On 04/17/2015 05:21 AM, Nico Kadel-Garcia wrote:
On Mon, Apr 13, 2015 at 2:15 AM, Ralf Corsepius <rc040...@freenet.de> wrote:
On 04/12/2015 09:01 PM, Elder Marco wrote:

Hello,

Since version 2.x.x. plowshare is not shipped with modules anymore.
There are two repositories. The main repository [1], with the core
package, and a new repository, with the modules [2].


I have never used plowshare nor do I know what it is used for.

Due the massive change of hosters, the modules are always beeing
updated, and a little tool "plowmod" deal with modules updates. This
tool can install and update the modules locally, which is much better
than to provide the modules inside the package.
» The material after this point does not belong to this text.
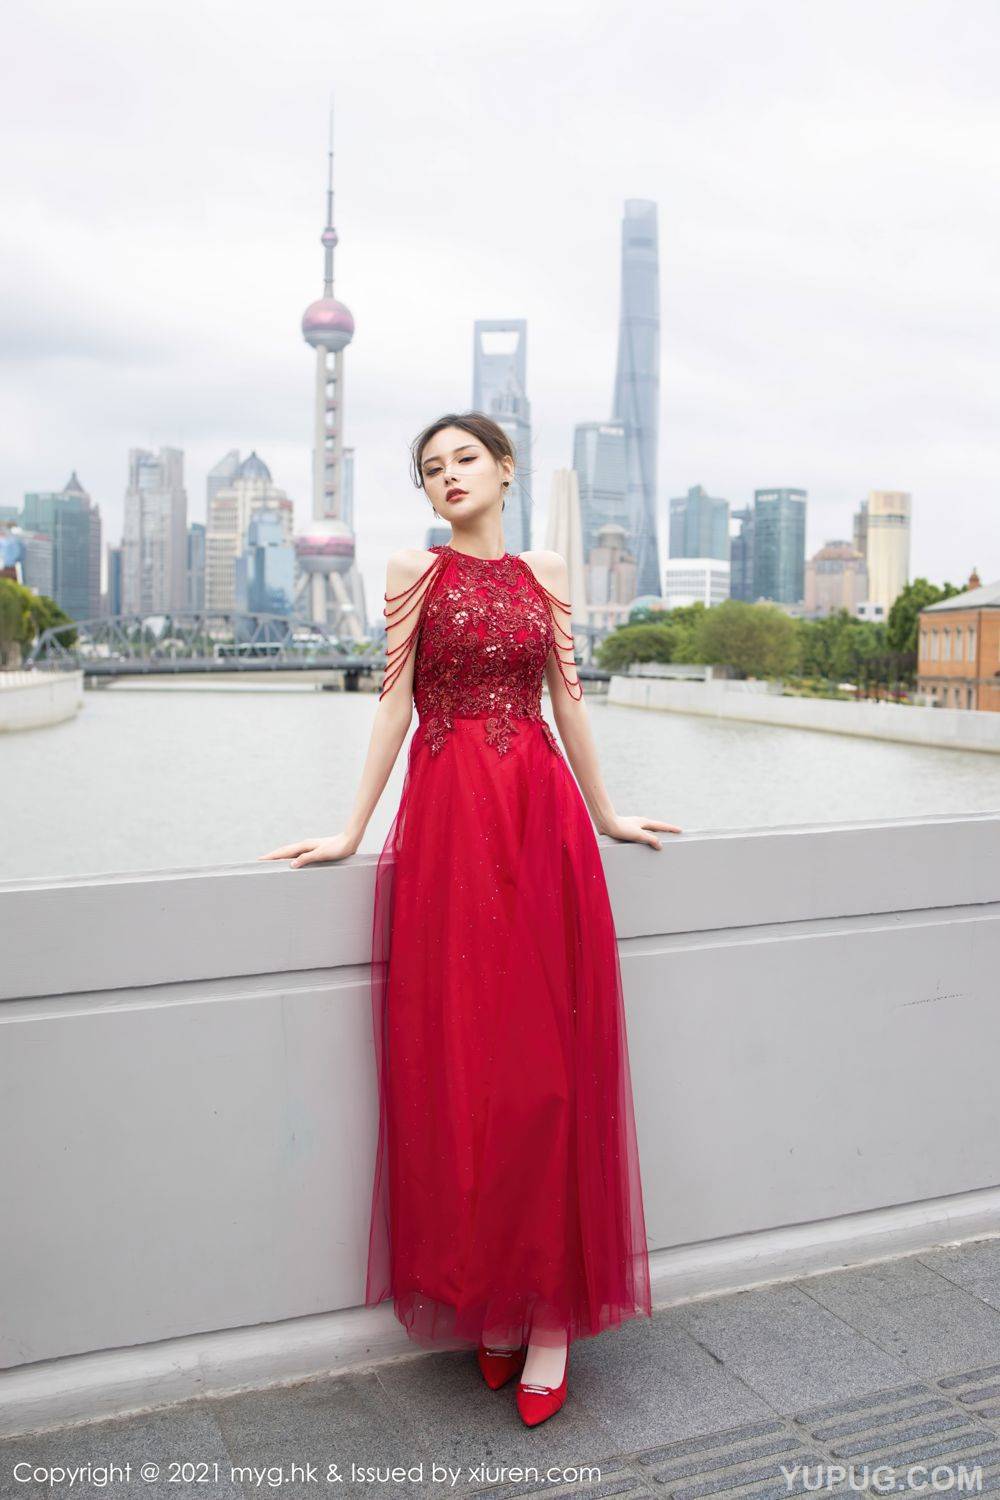 Богиня Сяо Си Цзюйджу в красном платье очаровывает людей.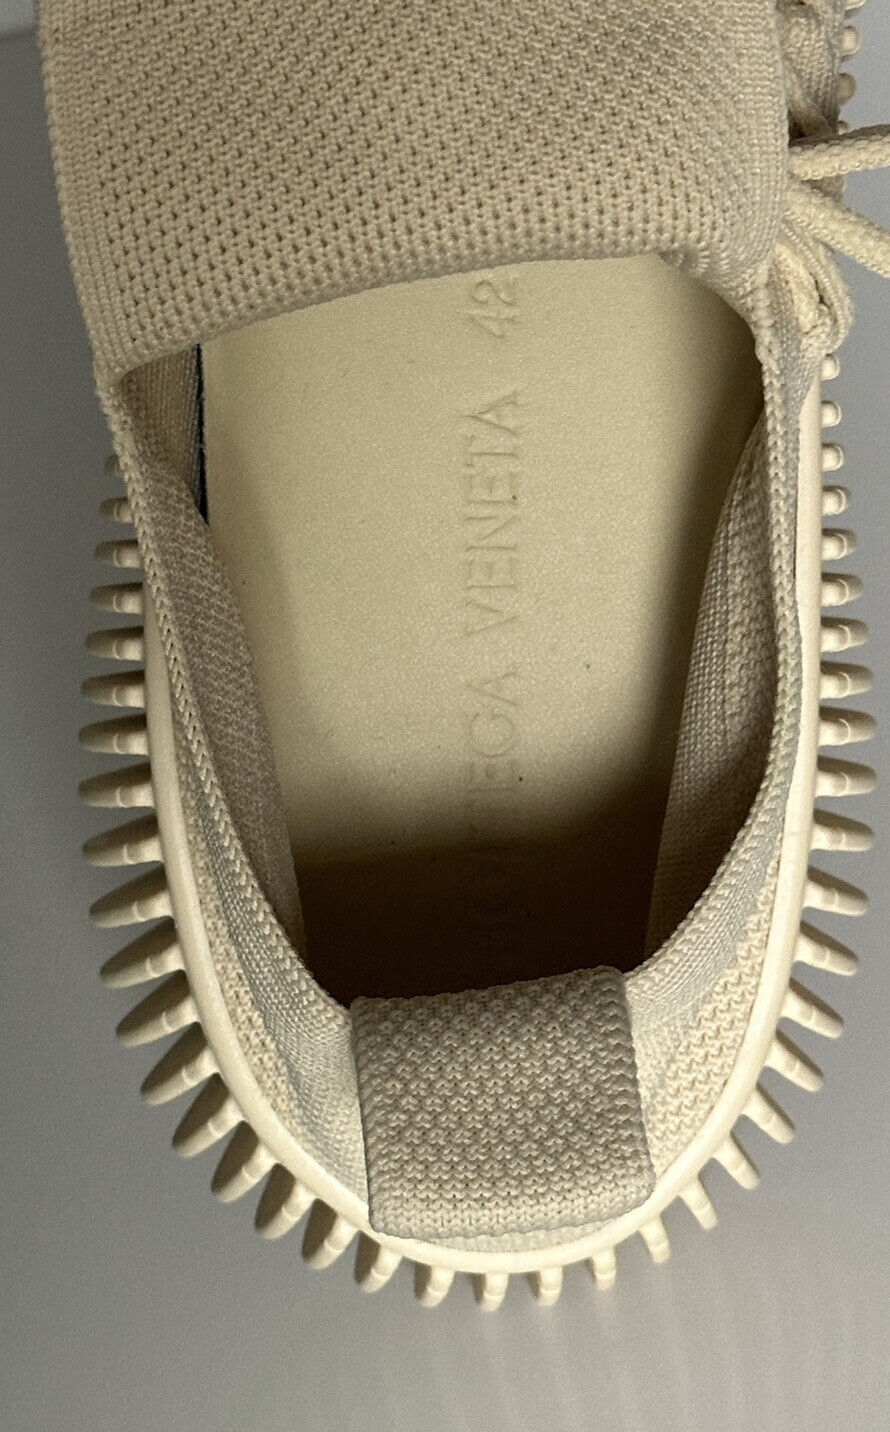 Мужские кроссовки Bottega Veneta Tech Knit Cane Sugar за 920 долларов США 9 США (42 ЕС) 690112

So, upstream recommends to deal with "plowshare" core only, which it is
quite stable. And I agree.

So, the question is: Am I violating Fedora Packaging Guidelines if I do
not provide the modules into fedora repositories?

Letting applications install something into system-wide directories outside
of rpm is not allowed in Fedora.

Note that is's not preventable: Python, CPAN, and rubygems all have
strong support for this,
We have a Fedora packaging rule which disallows all system-wide installations outside of rpm's control.

The reasons for this conventions are
* system-consistency
* system-security
* testing

The only gap left open is installing into user private directories.

But I don't think the FPG formally disallows installing arbitrary
executables from arbitrary sites into private user directories as part of
applications.

And I'm very grateful for the very nice people who sort out the
dependencies and build up SRPM's rather than saying "dude!!! just run
CPAN".
I consider people, who run CPAN to be not knowing what they are doing. The are shooting themselves into their own foot.

Wrt. perl, CPAN vs. rpm installation issues and users having broken CPAN modules in their system is a common cause for people facing perl issue.

plowmod seems to be more like SpamAssassin: it can be RPM packaged,
but its out of date *really fast* and it's very difficult to keep the
modules packaged.

Well, I can understand why its convenient to users, but these users probably will only comprehend that such practices are wide open doors to all kind of malicious people and technical issues, when they will be personally affected.

To cut a long story short: One of the reasons for Linux being considered safer than other OSes is being very reluctant against "per-user installs".